E-mail: stefan.borjesson@sva.se

Abstract

A selection of plasmid-mediated AmpC-producing Escherichia coli isolates carrying blaCMY-2 from Swedish broilers were characterized to establish their relatedness to and a possible overlap with human clinical E. coli isolates. The results showed diversity among the E. coli isolated from broilers, indicating that the spread in the population was not due to one strain. However, only one type of plasmid belonging to replicon type incK was identified. Furthermore, there were no indications of spread of blaCMY-2 E. coli isolates from broilers to human clinical settings, although Swedish broilers may be a source of blaCMY-2 and/or the plasmid carrying blaCMY-2.

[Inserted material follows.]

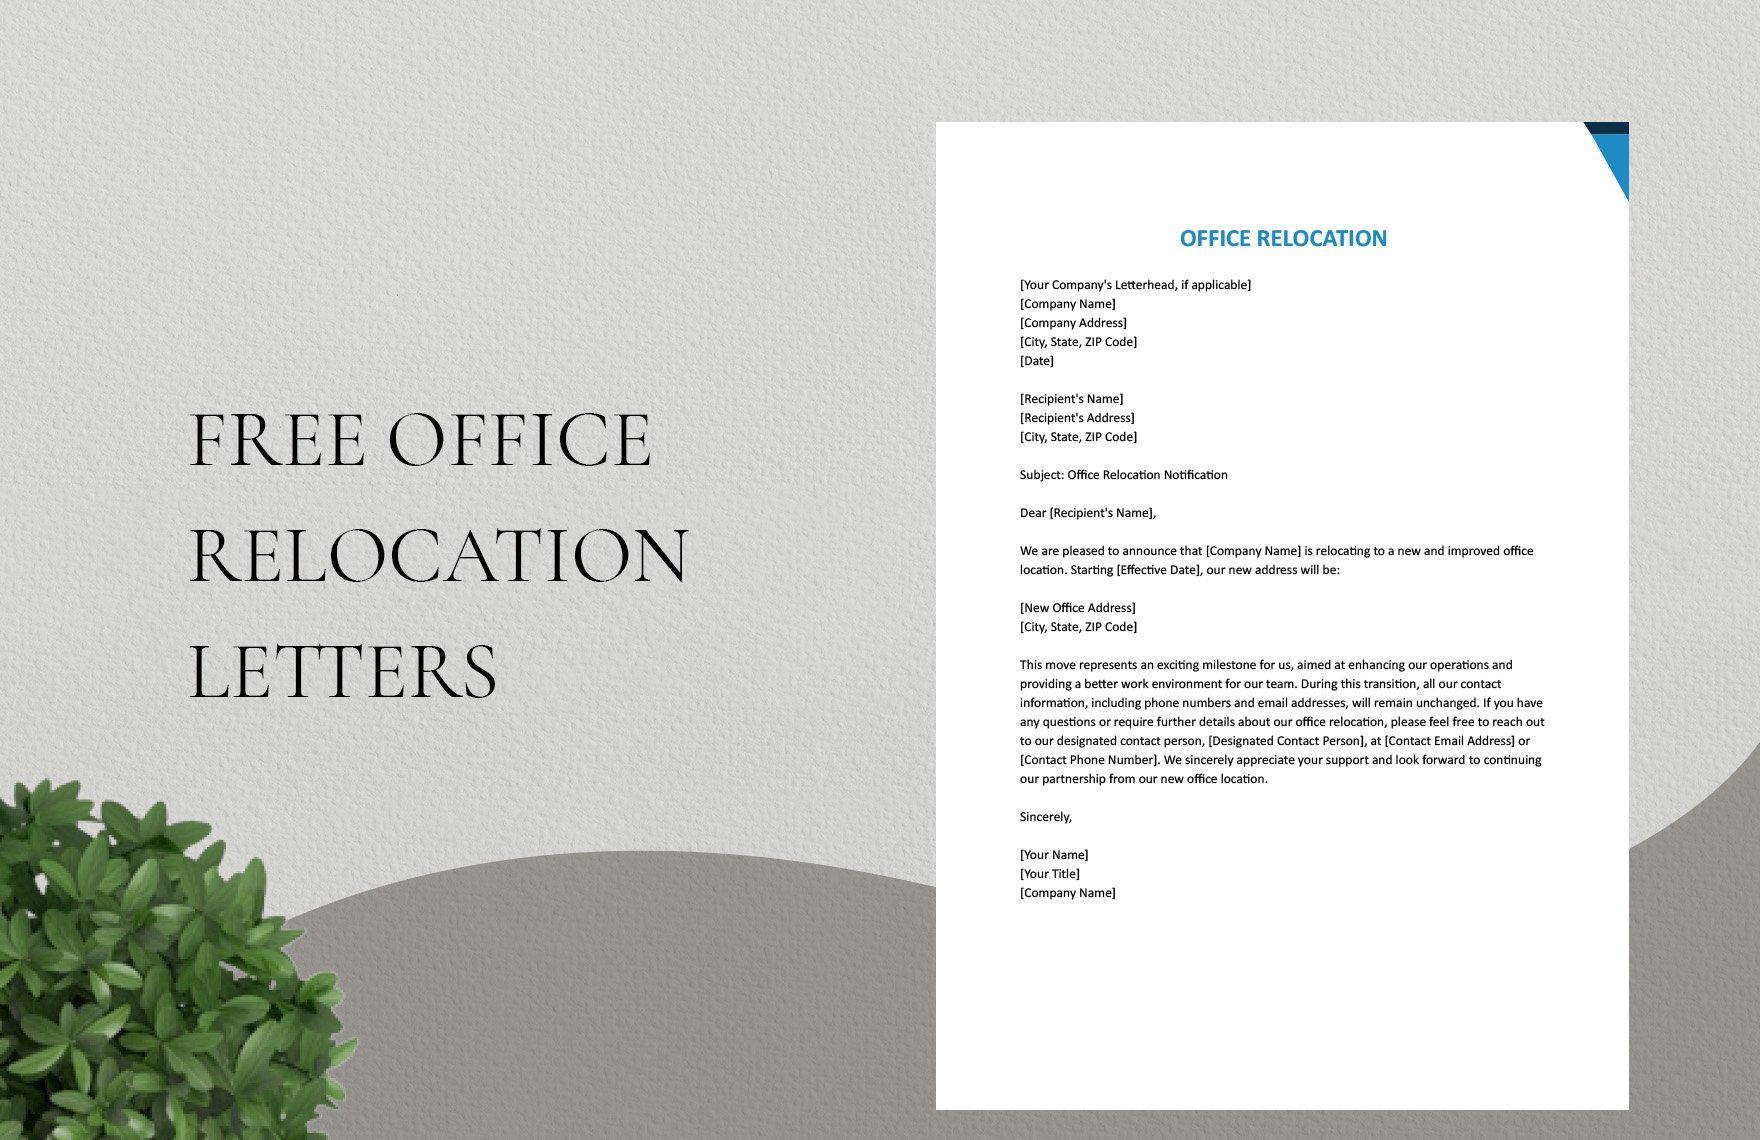 Office Relocation Letters

The increasing trend worldwide of Enterobacteriaceae producing extended-spectrum beta-lactamases (ESBL) and plasmid-mediated AmpC (pAmpC) in clinical settings is of great concern, due to their ability to hydrolyse third-generation cephalosporins. Food-producing animals, poultry in particular, have been suggested to be a potential reservoir for these types of bacteria and the genes encoding ESBL/pAmpC. In a recent report the European Food Safety Authority concluded that there is indirect evidence that transmission of ESBL- and pAmpC-producing Enterobacteriaceae and genes encoding ESBL and pAmpC can occur between food-producing animals, especially broilers, and humans [1]. In Sweden, prescription of antimicrobials to animals is very limited compared with that in other European countries [2]. It was therefore an unexpected finding in 2010 that 34% of broilers in Sweden carried ESBL- or pAmpC-producing E. coli [3]. The only genes identified were blaCTX-M-1 and blaCMY-2, with blaCMY-2 clearly dominating. The cause of the high occurrence in broilers is not clear, but there are indications that imported breeding stocks may play a central role [3]. Furthermore, it is uncertain whether the high occurrence of blaCMY-2 has influenced the incidence among humans in clinical settings in Sweden. In this study we characterized a selection of blaCMY-2 E. coli isolated from the intestinal content of Swedish broilers and investigated the possibility of an overlap with human clinical blaCMY-2 E. coli isolates.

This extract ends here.